A Multi-Objective Cost Minimization Framework for Managed Aquifer Recharge Integrating Pareto Optimization and Least-Cost Path Analysis

In arid and semi-arid regions, pressure on groundwater resources has reached critical levels. Long-term over-pumping has depleted many aquifers, and climate change is intensifying this process. Rising temperatures increase evaporation from rivers and reservoirs, reducing the amount of surface water available for infiltration and natural recharge. Under these conditions, the use of surface water during periods of availability and its storage underground represents a key mechanism of managed aquifer recharge, effectively avoiding evaporation losses.

In this study, a practical framework is developed and tested to identify feasible ways to transfer accumulated surface water toward stressed aquifers. Rather than relying on complex ranking approaches, the locations of existing water infrastructure specifically wells and traditional khettara systems are used as reference points. These features indicate where aquifers are accessible and provide realistic spatial anchors for planning recharge at the regional scale.
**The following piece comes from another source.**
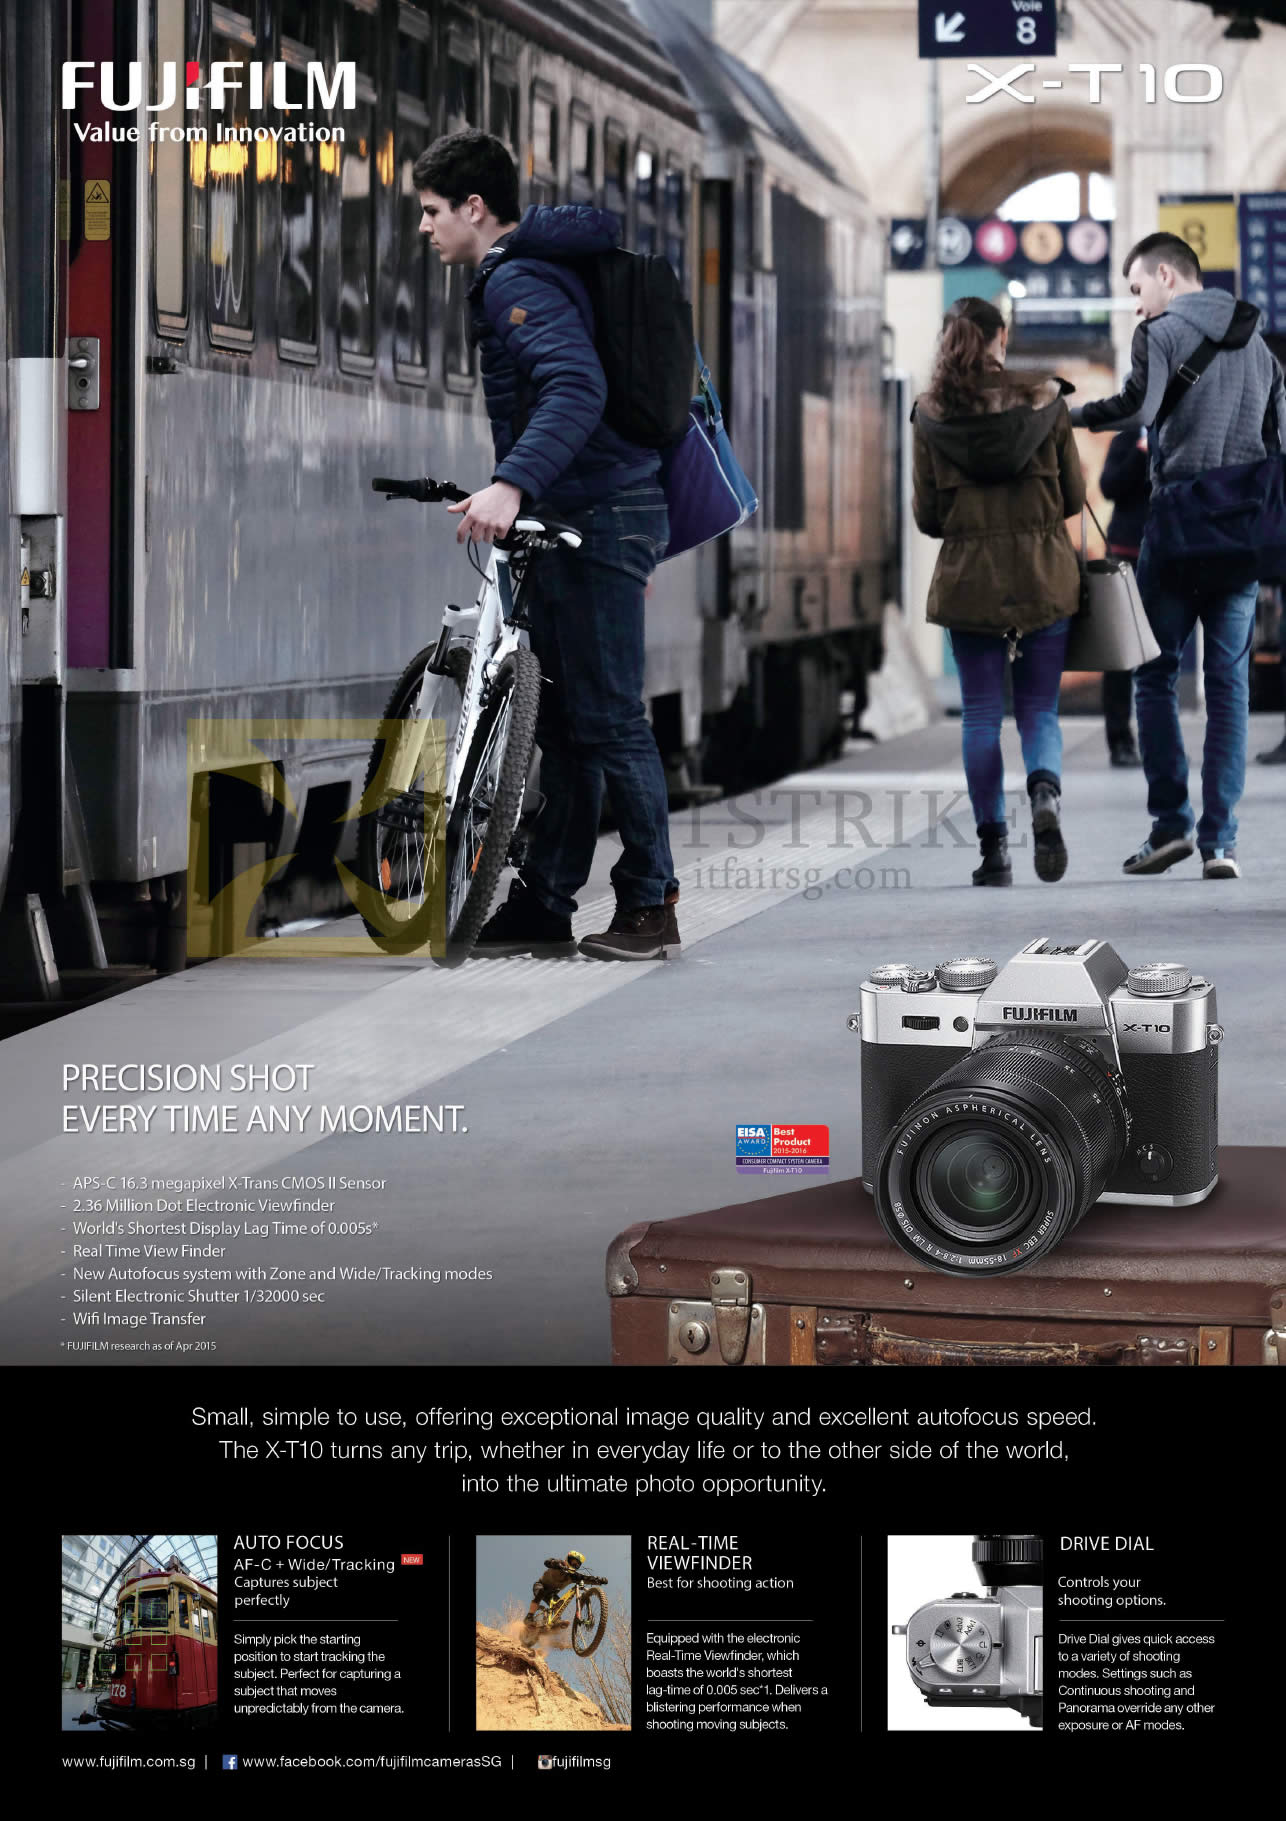 Fujifilm Digital Camera X-T10 Features

The method combines satellite imagery to map surface water, geographic information systems (GIS) to identify cost-effective transfer pathways across the landscape, and multi-objective optimization to evaluate trade-offs between competing objectives. Feasibility is assessed through a cost function that accounts for terrain slope, elevation differences, transfer distance, pumping energy requirements, infrastructure costs, and potential water treatment needs.

The approach is applied to the Draa Oued Noun Basin in southern Morocco, a region strongly affected by water scarcity, high evaporation rates, and declining groundwater levels. Several surface water sources are examined, and feasible conveyance routes toward aquifers supplying key wells and khettara systems are identified.

The results show substantial variations in cost between water sources. Available water volume, transfer distance, and especially elevation lift emerge as the main cost drivers. Trade-off analysis helps identify the most cost-effective projects under limited budgets. The results also highlight opportunities for cost reduction: where gravity-driven transfer is possible, costs are significantly lower, and where pumping is required, solar energy offers a viable option for reducing long-term operational expenses.

Overall, this work provides a spatially explicit and realistic basis for planning artificial groundwater recharge, while respecting economic constraints and supporting sustainable groundwater management in highly water-stressed regions.